Asian stocks retreated following a drop in American equities after a fresh personnel shakeup in the Trump administration spurred concerns about a unilateral approach to trade, national security and foreign affairs.
U.S. Treasuries held gains from Tuesday after a report showed U.S. inflation remained contained. Equity indexes declined across the region after the S&P 500 Index lost 0.6 percent. The sudden firing of U.S. Secretary of State Rex Tillerson took some by surprise less than a week after top economic adviser Gary Cohn resigned from the White House. The dollar weakened, while West Texas oil was holding above $60 a barrel.
“Markets one day may become exhausted if the staff turnover and perceived White House instability continues,” Terry Haines, a senior political strategist at Evercore ISI, wrote in a note. “Trump and the administration will have some work to do to reassure markets.”
Tillerson’s ouster raised concerns of a new guard in the White House that may take a harder line on trade, advancing President Donald Trump’s agenda of imposing tariffs on U.S trading partners. Trump nominated CIA director Mike Pompeo, an ex-congressman who has endorsed "pushing back against the Chinese threat," to replace Tillerson. The change comes as the administration considers tariffs on a broad range of Chinese imports, with Politico reporting one proposal is to take measures against more than $30 billion of goods a year.
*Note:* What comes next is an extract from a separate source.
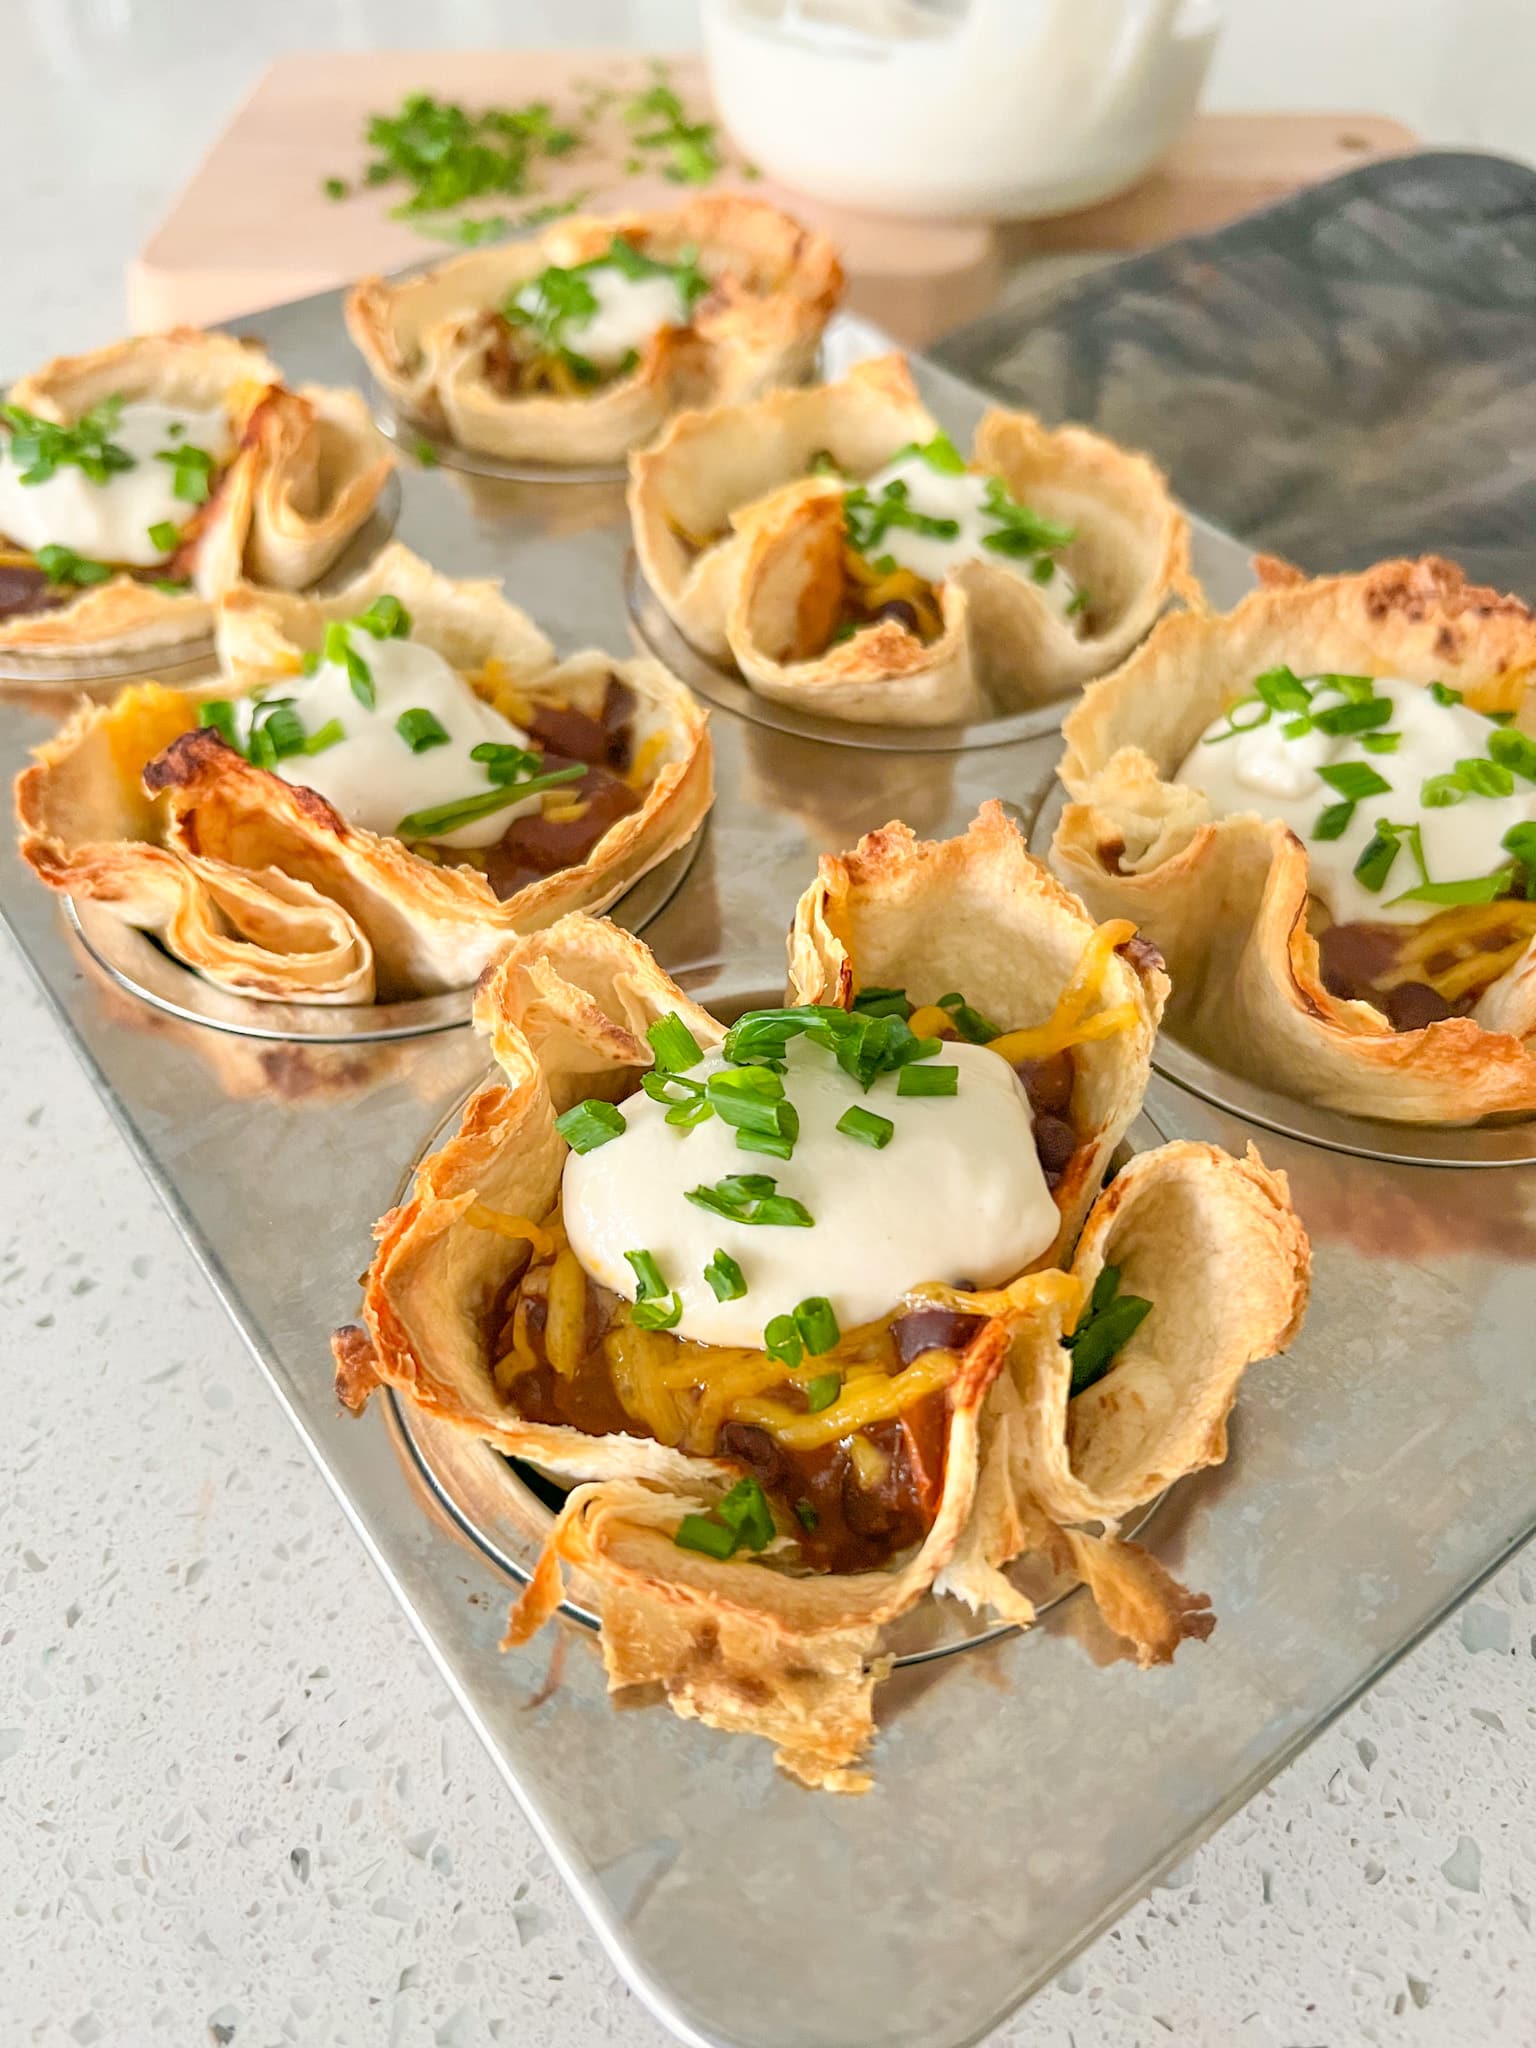 Baked Chili Tortilla Cups

“The departure of the Trump administration’s key officials might signal a hawkish shift in its foreign policy and protectionist measures,” said Ken Cheung, senior Asian FX strategist at Mizuho Bank Ltd. in Singapore. “Despite the softening U.S. dollar, further escalations in concern over global trade war and international conflicts could dampen sentiment in Asian markets.”
Meantime, the U.S. inflation report Tuesday did little to rock traders’ bets on the path for Federal Reserve policy tightening, though the 10-year Treasury yield did slip to 2.84 percent as market gauges of inflation expectations fell on the data.
With developments in Washington front, right and center, markets largely shrugged off economic data that showed China’s factory output and investment growth unexpectedly accelerated in the first two months of the year.
Elsewhere, oil was steady after declines triggered by concerns a boost in U.S. supplies will undermine OPEC efforts to clear a glut.
Here are some of the key things happening this week:
U.S. retail sales are out on Wednesday.
Prices and factory output are focal points in the euro area.
Also this week, Germany’s Angela Merkel is inaugurated to a fourth term, and EU27 government officials discuss the European Union’s Brexit position.
New Zealand GDP data is out Thursday.
And these are the main moves in markets:
Japan’s Topix index fell 0.5 percent at the close in Tokyo.
Australia’s S&P/ASX 200 Index declined 0.7 percent.
Hong Kong’s Hang Seng Index slipped 1.3 percent and the Shanghai Composite Index was down 0.4 percent.
S&P 500 Index futures fell less than 0.2 percent after the underlying gauge dropped 0.6 percent Tuesday.
The MSCI Asia Pacific Index lost 0.6 percent.
The Bloomberg Dollar Spot Index declined 0.1 percent.
The yen rose less than 0.1 percent to 106.52 per dollar.
The euro climbed 0.1 percent to $1.2402.
The pound added 0.1 percent to $1.3974.
The yield on 10-year Treasuries fell one basis point to 2.83 percent, down for a third day.
Australia’s 10-year yield fell more than six basis points to 2.74 percent.
China’s 10-year government bond futures fell after the release of the better-than-expected data.
West Texas Intermediate crude was steady at $60.73 a barrel after falling 1.1 percent on Tuesday.
Gold gained 0.1 percent to $1,328.37 an ounce.